As China’s economic influence on the world grows, its system of state capitalism is likewise receiving increasing scrutiny. Behind the state capitalism, China’s banking sector, the “Great Wall Street”—parallel to the “Wall Street” in the United States—plays a fundamental role in financing and supporting China’s economy. Contemporary studies of China’s state capitalism, however, focus mainly on Chinese state-owned enterprises, leaving less attention specific to China’s state-owned banking sector which adopts a rather different corporate governance practice. In this paper, I conduct a comprehensive and critical review of the bank governance practice in China. Statutorily, Chinese commercial banks generally follow corporate governance best practices, including the requirement of independent directors and board sub-committees and the separation between chairpersons and CEOs. In reality, however, the Chinese party-state manages to dominate Chinese commercial banks by shifting the power center to the executive team, capturing power through its appointment and reward system, and separating the ownership from control. External governance mechanisms, such as market competition, bank regulation and supervision, and hostile takeovers, are inadequate to pose an effective constraint on the Chinese party-state.

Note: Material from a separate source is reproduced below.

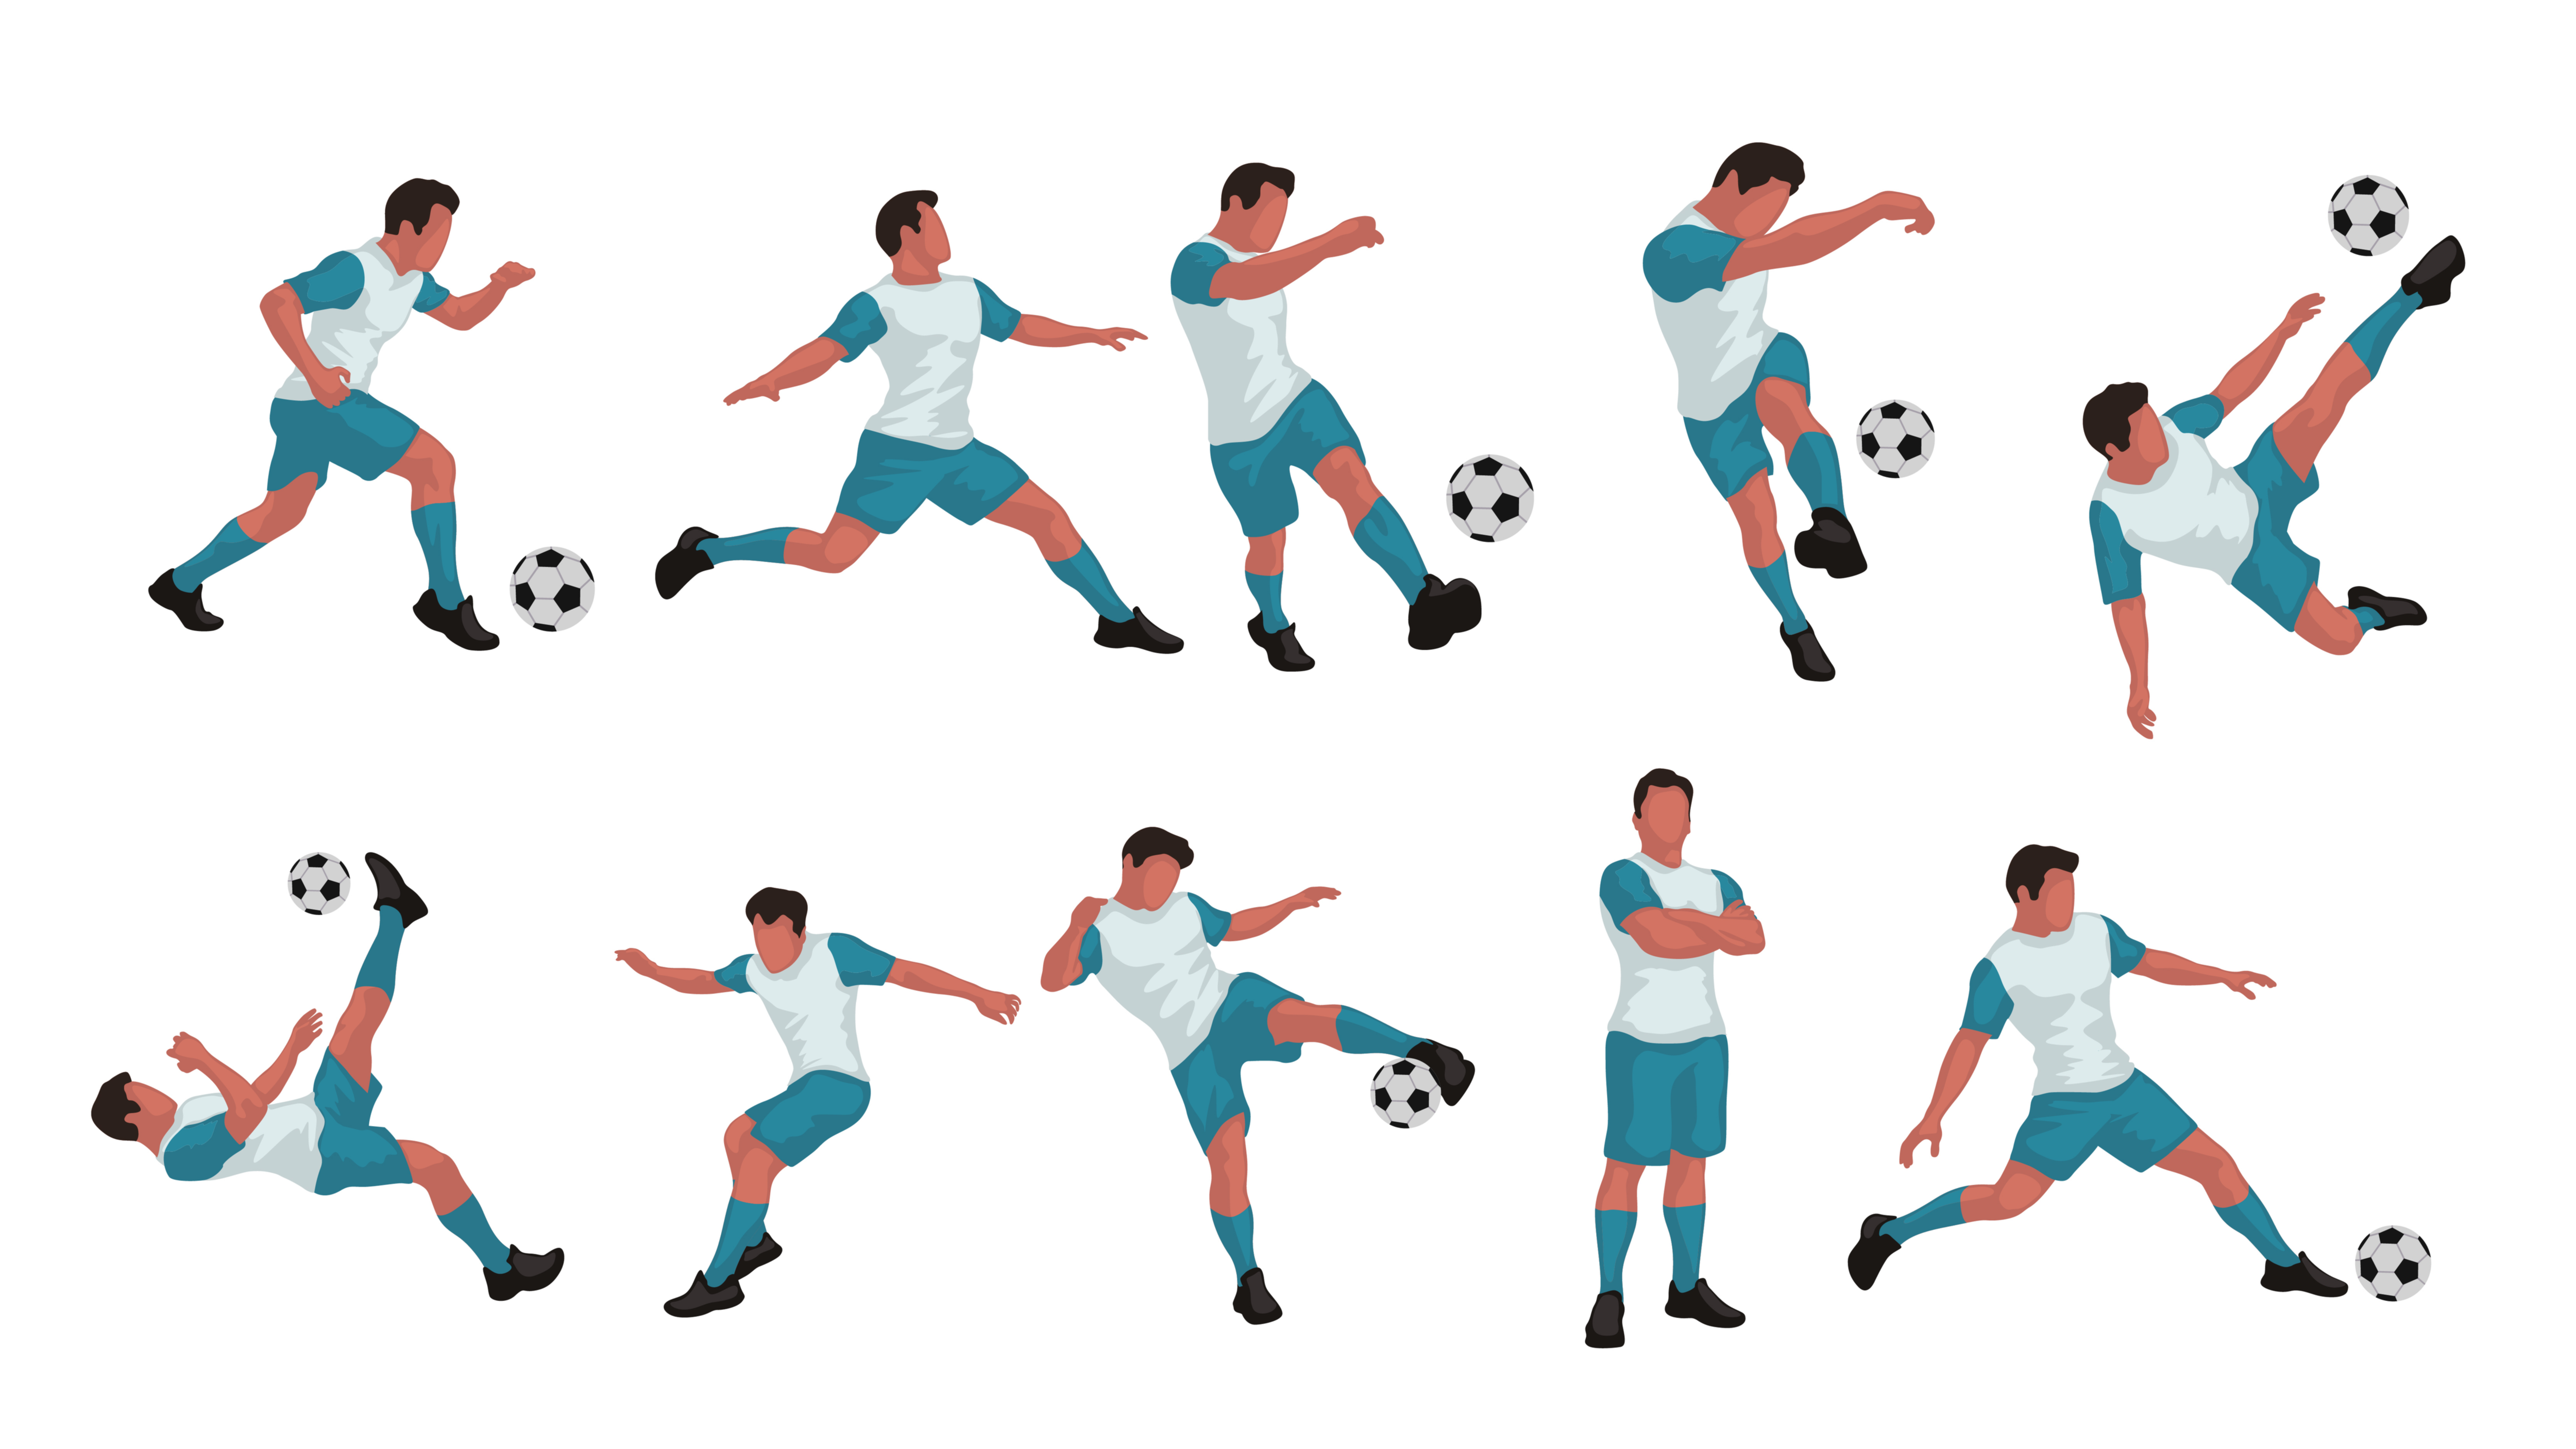 サッカーが上手い子と下手な子の1番の違いは 身体を動かす技術

Under this practice, the Chinese party-state dominates Chinese commercial banks in a less visible manner and thus becomes the “Hidden Dragon” behind the Great Wall Street. In contrast, private capital, which is also a significant source of investment, only possesses marginal influence on the operational decision of Chinese commercial banks and thus becomes the “Crouching Tiger” on the Great Wall Street. Based on these observations, this article critically assesses this Crouching-Tiger-Hidden-Dragon model from an agency theory prospective. I identify three special agency problems underlying this model, including the misalignment between the public welfare vis-à-vis party-state’s interest, between the party-state’s interest vis-àvis bank executives’ interest, and between the bank executives’ interest vis-à-vis the banks’ interest. These special agency problems, in turn, account for the current challenges faced by China’s banking sector, including the rising risk exposure, the financial constraint of private sectors, and the lack of business innovation.